_What is being asked_
Below are entries. Copy exactly the lines running from the line that holds "Eine wunderbare Art" to the line that holds "Mit einem abnehmbaren", with both ends included.

_Supplied material_
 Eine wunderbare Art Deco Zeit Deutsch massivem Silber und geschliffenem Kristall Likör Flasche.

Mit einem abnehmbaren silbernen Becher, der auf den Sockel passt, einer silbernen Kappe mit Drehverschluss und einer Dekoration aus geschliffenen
...
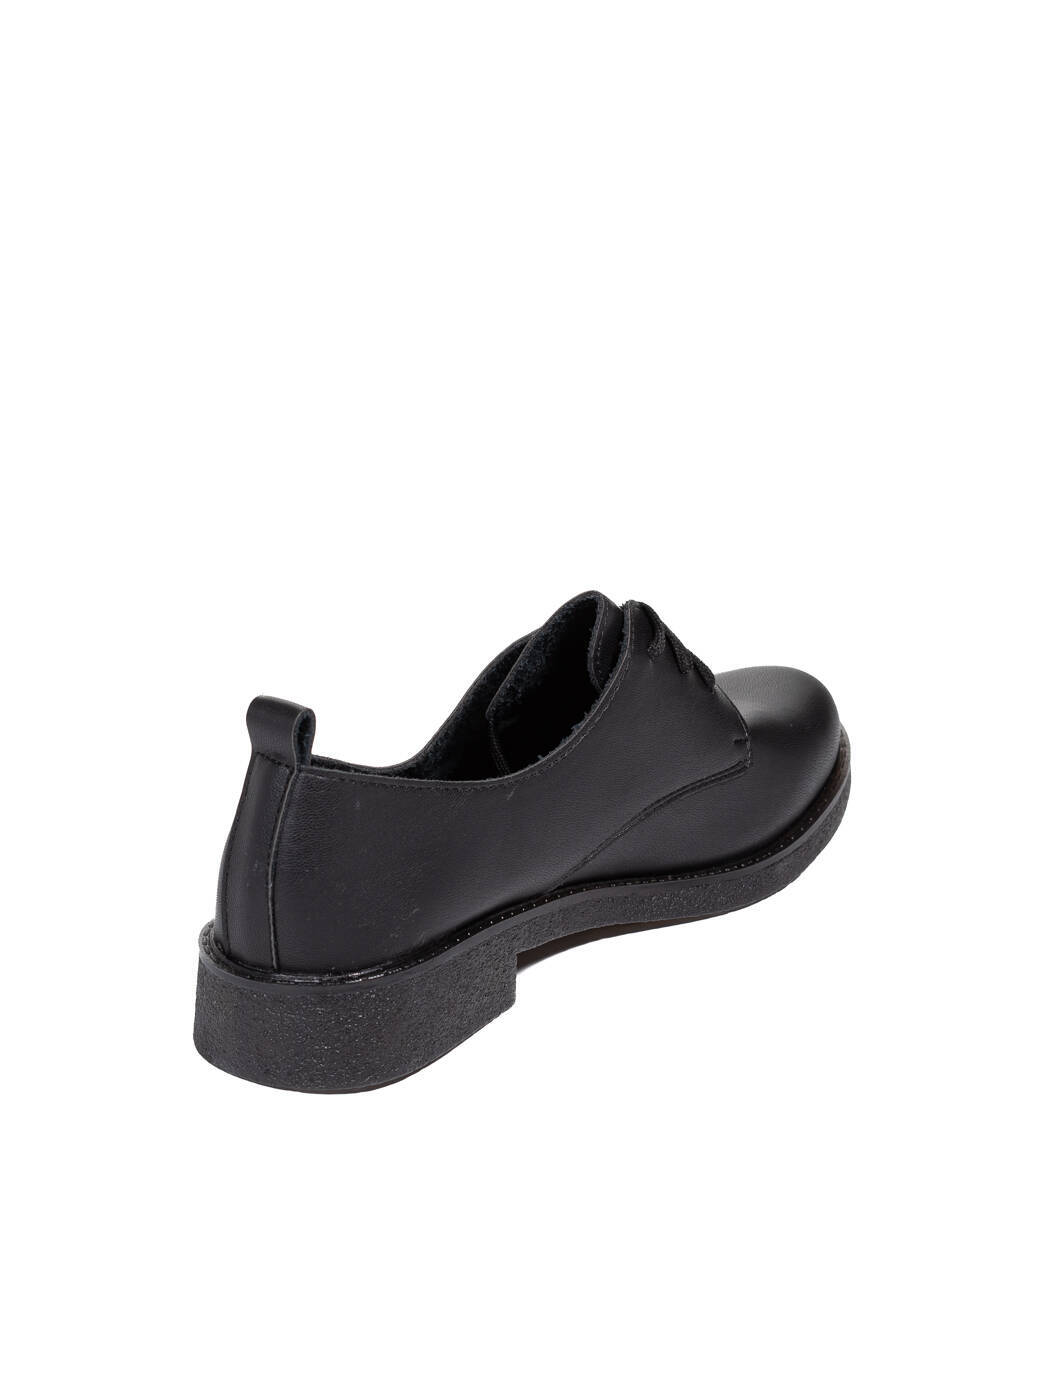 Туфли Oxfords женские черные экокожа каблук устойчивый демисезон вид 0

_Result for this exercise_
 Eine wunderbare Art Deco Zeit Deutsch massivem Silber und geschliffenem Kristall Likör Flasche.

Mit einem abnehmbaren silbernen Becher, der auf den Sockel passt, einer silbernen Kappe mit Drehverschluss und einer Dekoration aus geschliffenen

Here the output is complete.